Signers include former Senator Byron Dorgan (ND); Lt. Generals John Castellaw (USMC ret.), Robert Gard (USA ret.) and Arlen D. Jameson (USAF ret.); and Ambassadors Kenneth C. Brill, Ralph Earle II, Thomas Graham Jr., Peter Galbraith and Nancy Soderberg. The letter was also signed by two former Members of Congress, other retired generals, sitting State Senators and Representatives and heads of various nongovernmental organizations.

The full text of the letter and all signers can be found here.

In reference to the cuts former Senator Dorgan said: “Terrorist groups are working overtime to acquire nuclear weapons with which to terrorize the world. Our country needs to show leadership in preventing terrorists from acquiring nuclear weapons. Cutting federal spending now on the nuclear non-proliferation programs would be a very dangerous mistake.”

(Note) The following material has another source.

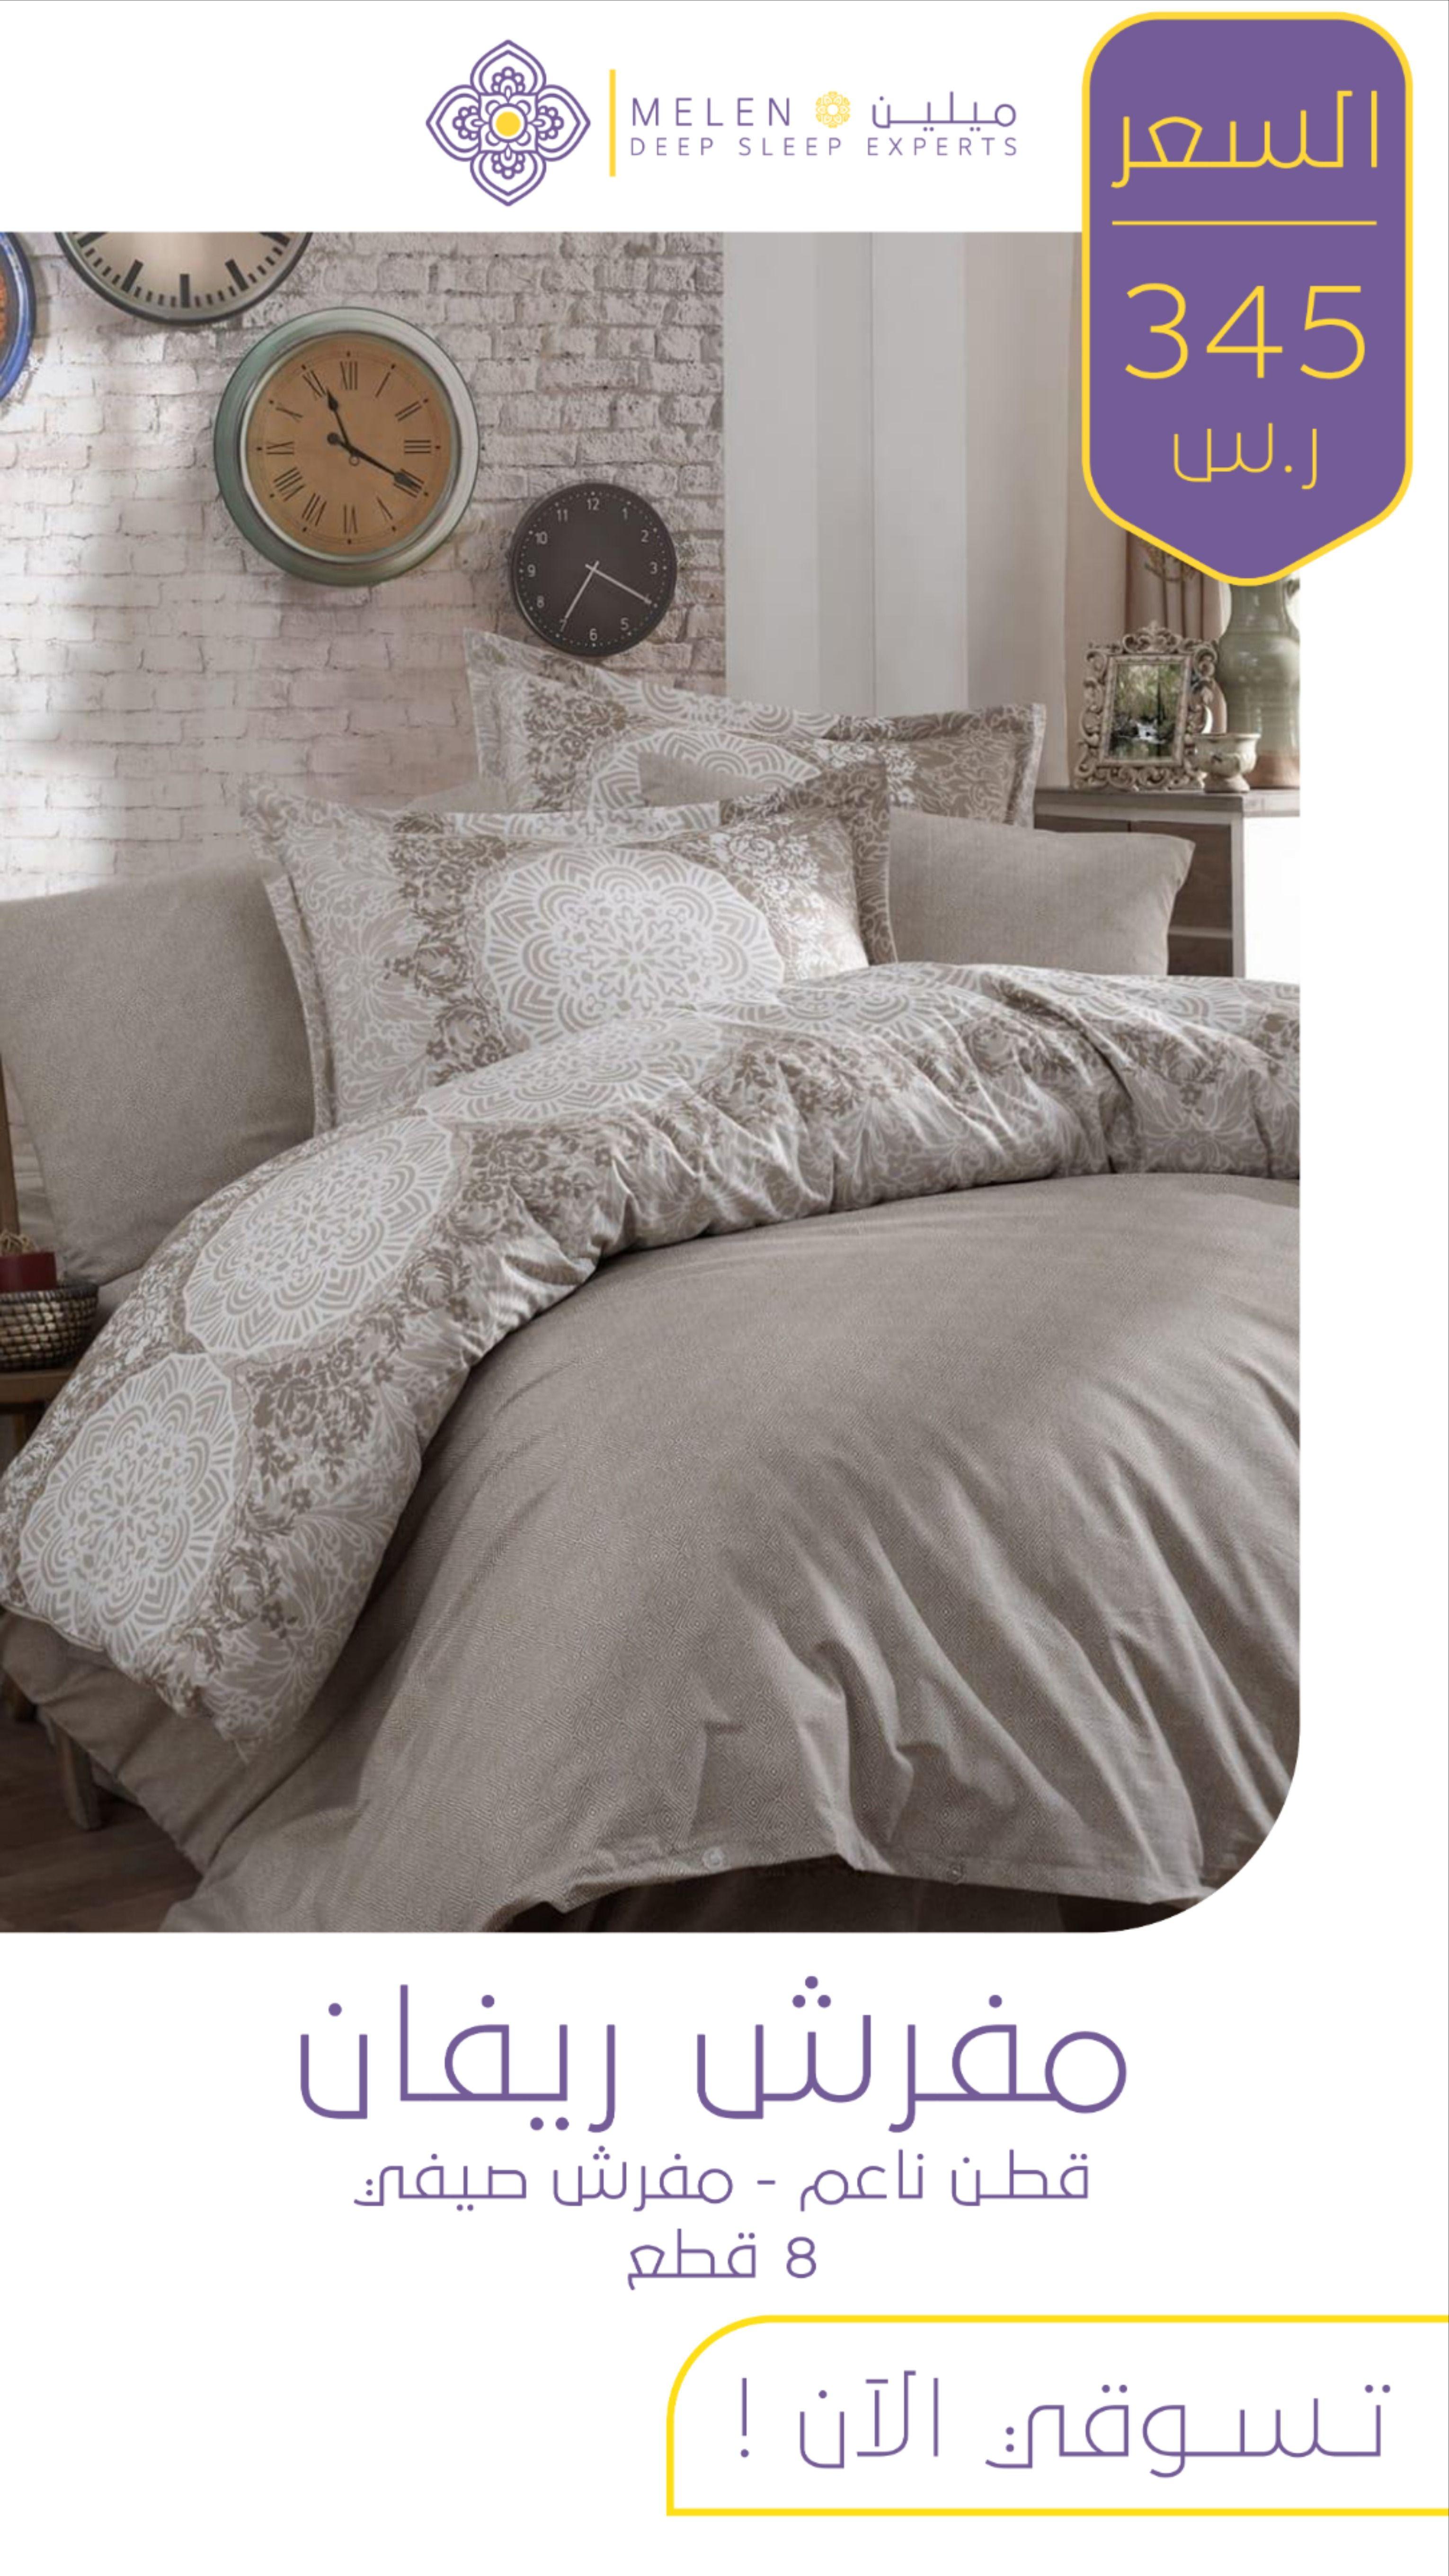 مفارش صيفية مفارش ميلين Bed Blanket Comforters

The letter originated with the Council for a Livable and the Center for Arms Control and Non-Proliferation. Center for Arms Control and Non-Proliferation’s Director of Non-Proliferation Programs, Kingston Reif said: “Reducing funding for these programs increases the amount of time it will take to secure or eliminate dangerous materials that could be used by terrorists in an improvised nuclear explosive device or a dirty bomb.”

Council for a Livable World is a non-partisan advocacy organization dedicated to increasing national security, particularly through reducing of the danger of nuclear weapons proliferation. The Council advocates for a strong and sensible national security policy and helps elect congressional candidates supporting those ideals.